*Exercise prompt*
Nothing but the pictures may be dropped; the rest of the listing is to be written out exactly.

*Dataset content*
- - -

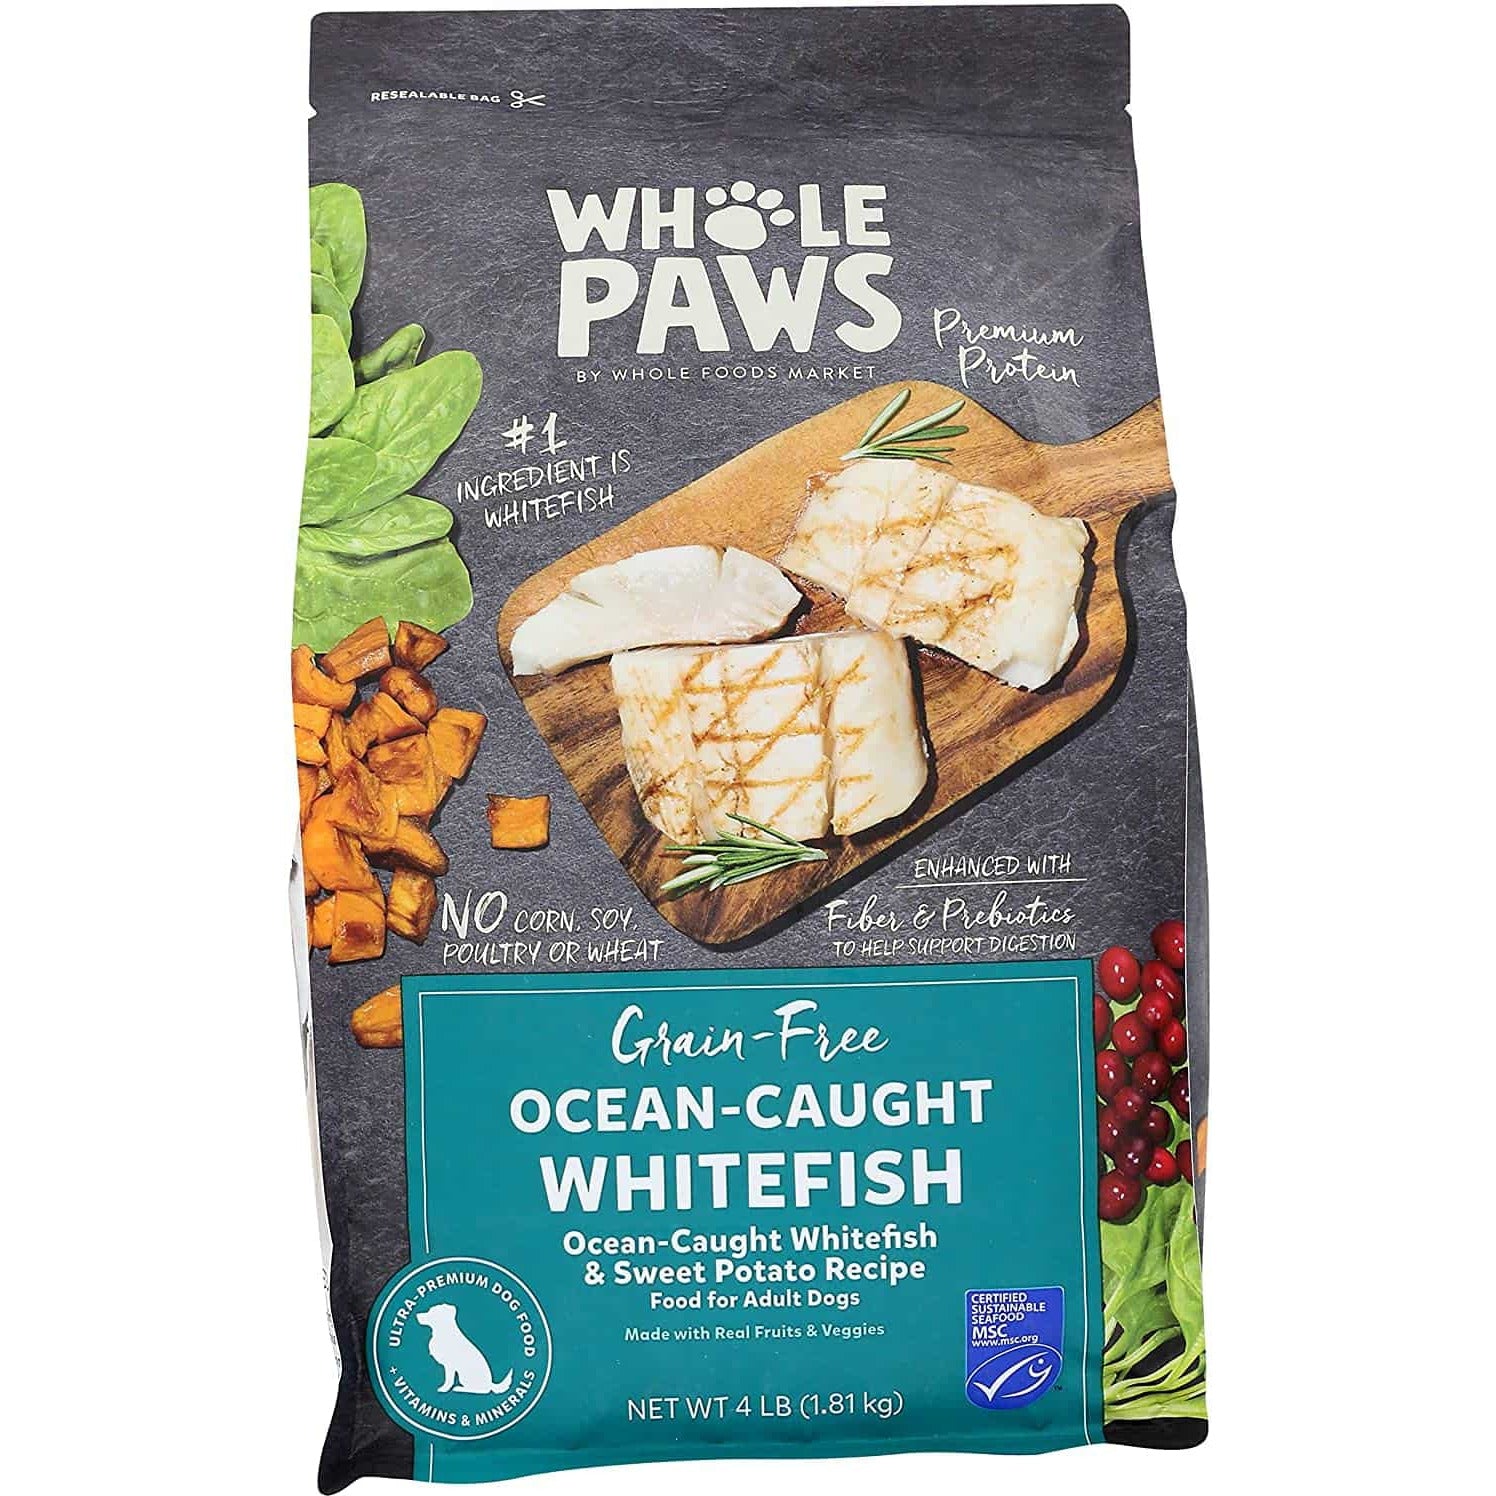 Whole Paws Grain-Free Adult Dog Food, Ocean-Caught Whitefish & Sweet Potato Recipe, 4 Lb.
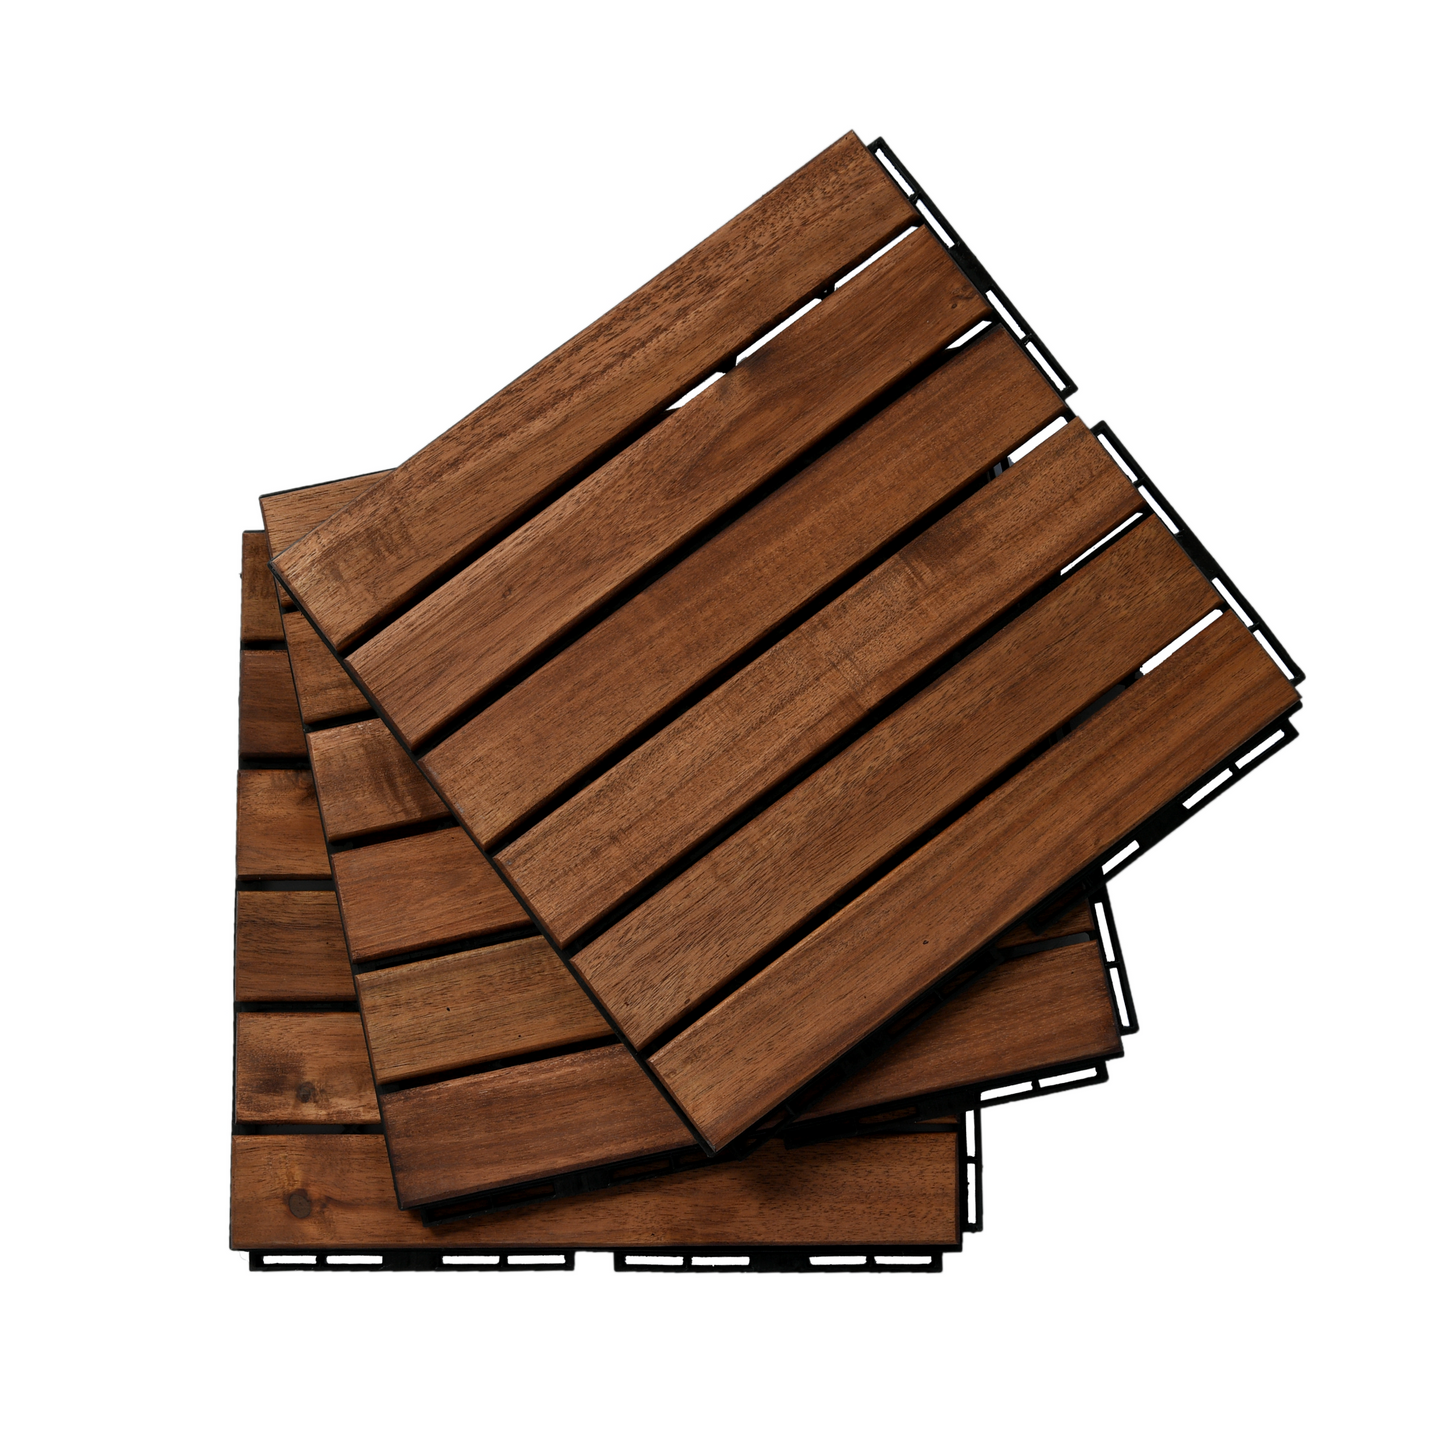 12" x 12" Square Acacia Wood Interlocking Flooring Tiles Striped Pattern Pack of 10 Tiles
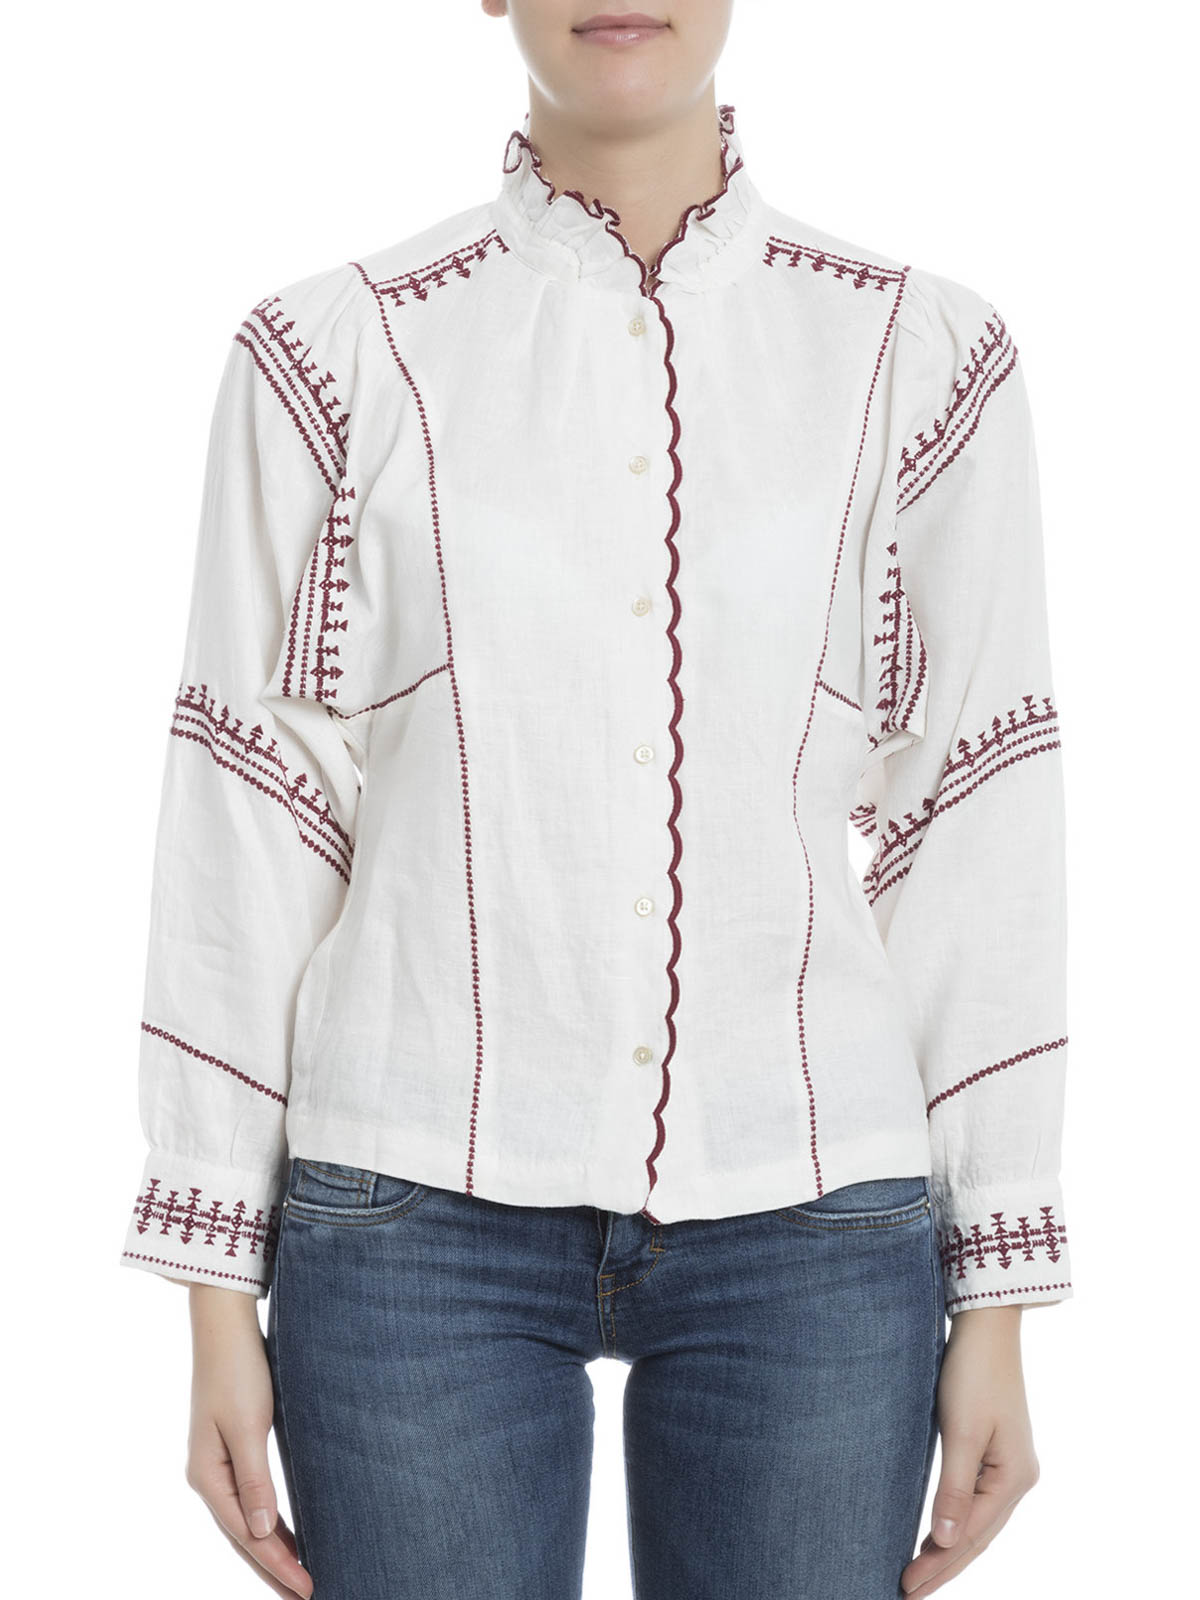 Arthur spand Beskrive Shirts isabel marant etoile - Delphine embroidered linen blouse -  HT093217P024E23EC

- - -

*Response area*
 Whole Paws Grain-Free Adult Dog Food, Ocean-Caught Whitefish & Sweet Potato Recipe, 4 Lb.
 12" x 12" Square Acacia Wood Interlocking Flooring Tiles Striped Pattern Pack of 10 Tiles
 Arthur spand Beskrive Shirts isabel marant etoile - Delphine embroidered linen blouse -  HT093217P024E23EC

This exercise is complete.